Brains run on carbs?

The good news is that the strands of rain streaming from the sky outside the Student Lounge window mean that the oppressive sleepiness spreading from my sinus cavities has passed. Mostly. I wish I knew why pending rainstorms give me a knee-buckling case of the sleepies, because I don’t think this makes any sense. How on earth can someone be allergic to barometric pressure?? Nevertheless, I’ve recorded it often enough for long enough that the trend stands. Allergic to “before the rain,” better once it starts falling.

foldable wheelie-crate full of school materials sitting on a carpetThe bad news is that now my trouser-legs are soggy. Why, you ask, did you venture out into the wet when we know you brought everything you’d need with you in that dorky hand-cart? (Including your lunch AND dinner?)

Because I needed to move my sluggish blood. As if the sleepiness I brought with me to campus wasn’t enough, today is the day I pinned myself down to catch up on my reading, uninterrupted by my theology class. (Our prof is keynoting at a conference. Way to suffer for Jesus! as I used to tease one of my bosses.) So I’m almost halfway through Genesis and have read two-and-a-half of five articles required for tonight’s Old Testament class. When ethnographic assessments of circumcision started to blur, I gave myself permission to take a walk.
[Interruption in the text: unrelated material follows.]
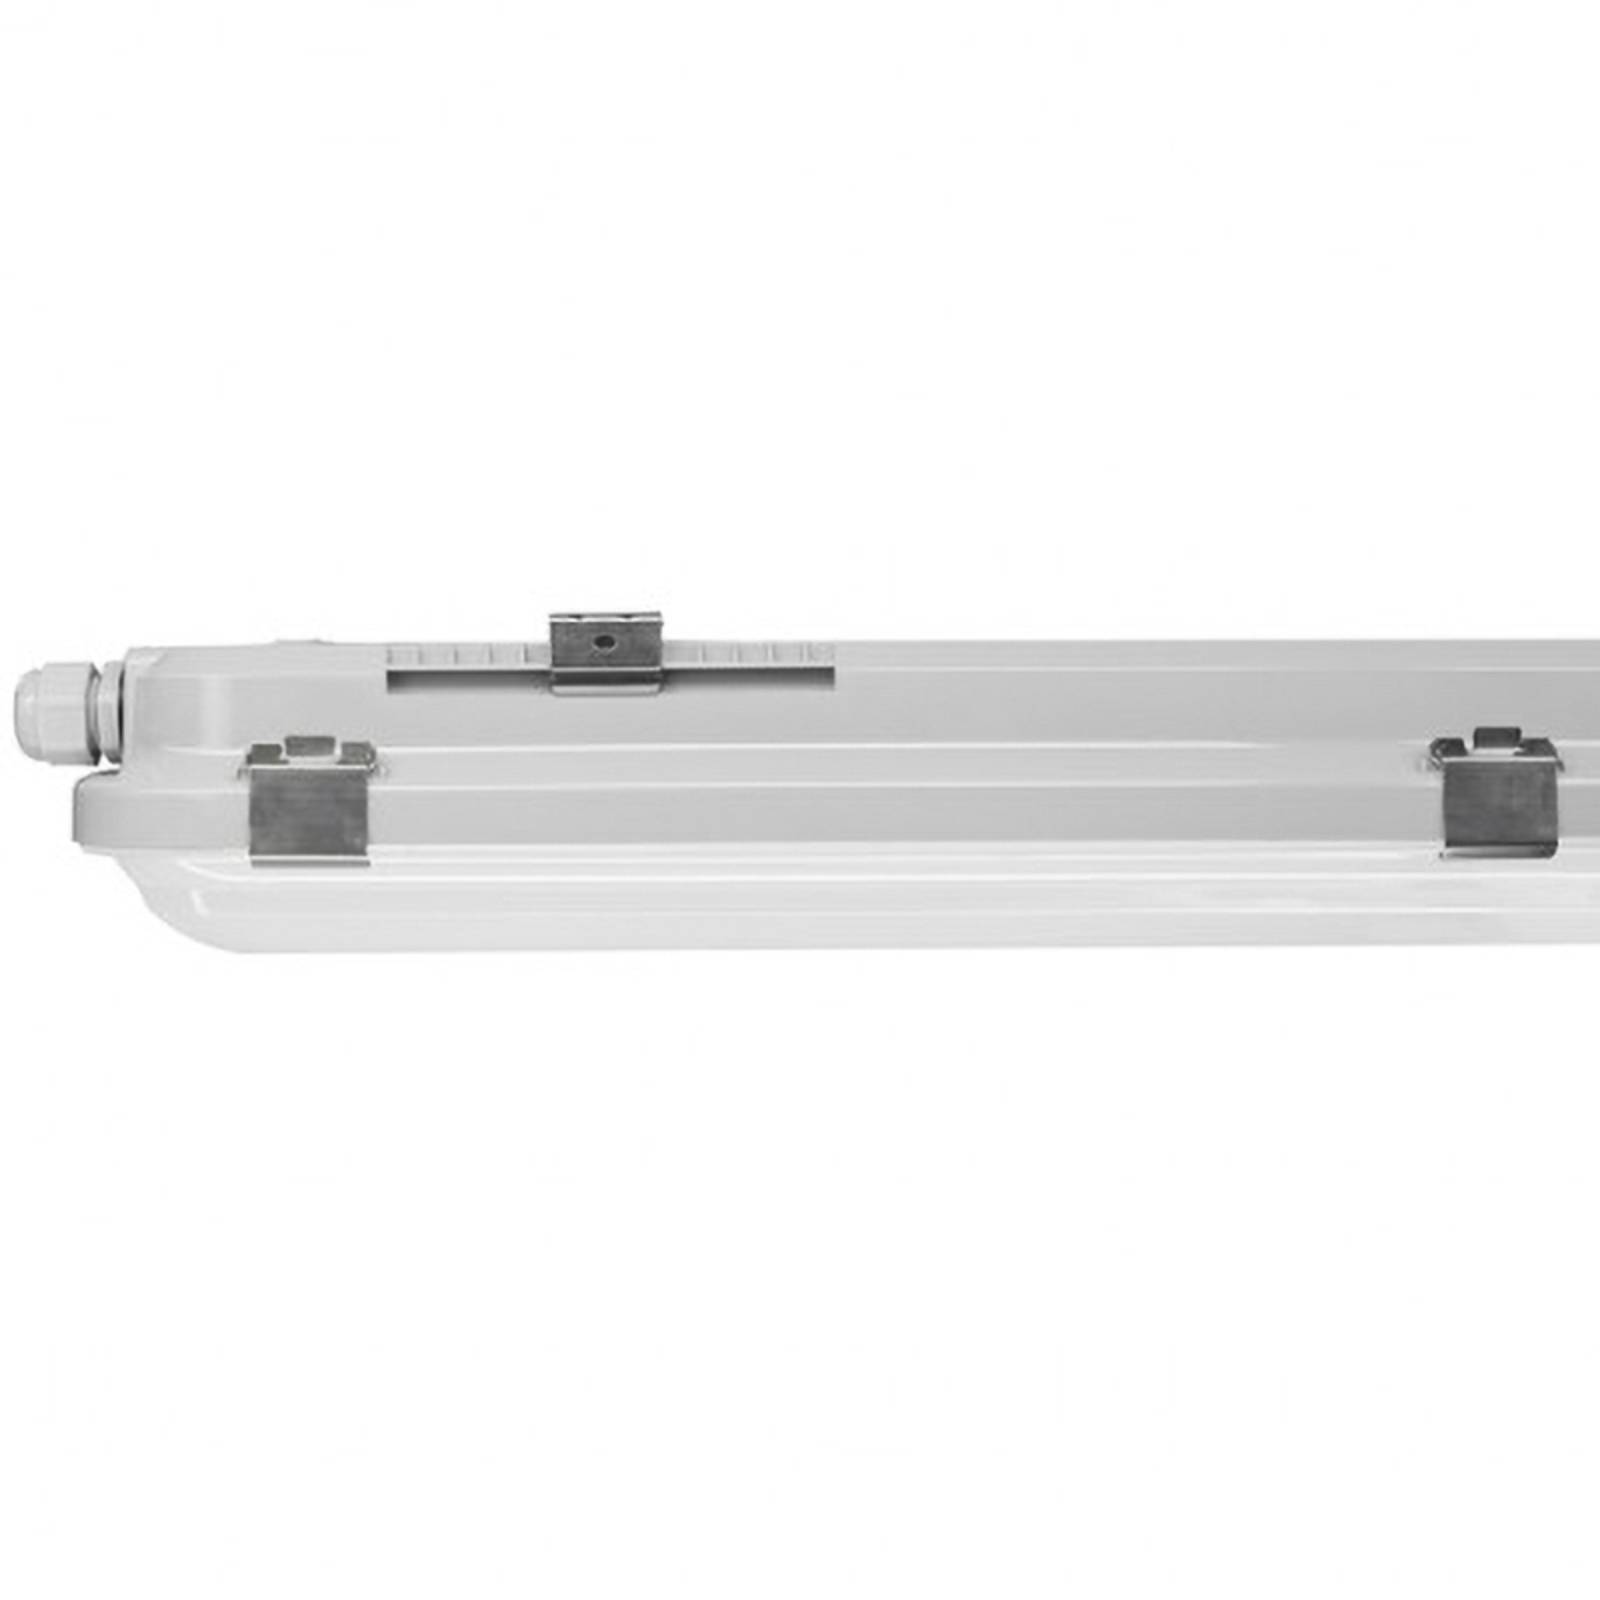 InnoGreen AQUOS 3.0 BASELine LED-lampa 122 cm 840

But you could have run stairs, you wisely point out. That would’ve gotten the heart going!

True, and it would’ve been far more virtuous than what I did—walk out to the building next door, that’s essentially our Student Union building, and head down the stairs to the kitchenette in the Student Affairs & Vocation office. The place that has fudgesicles in its freezer, chewy granola bars in a basket, and chocolates in a glass jar. Because all I could think about for page-spreads 4-9 (of 19! she wailed) of circumcision ethnography was… I. Want. Sugar. And I know where to get it.

 

The encouraging thing is:
It’s a full year now since the close of The Half-Plate Project. And while my appetite rumbled on, unsquashed, during the Project and for some months beyond, somewhere in May or June I realized I really wasn’t hungry for a whole-big-plate any more. A full medium plate was perfect. And I didn’t especially care about, or for, sweet treats beyond a mouthful.

So I’ve been quietly mindful since then. And the undergraduate myth holds true for me too, now: when I read to study for multiple hours, I get carb-hungry.

Time to toss some graze-snacks in the box!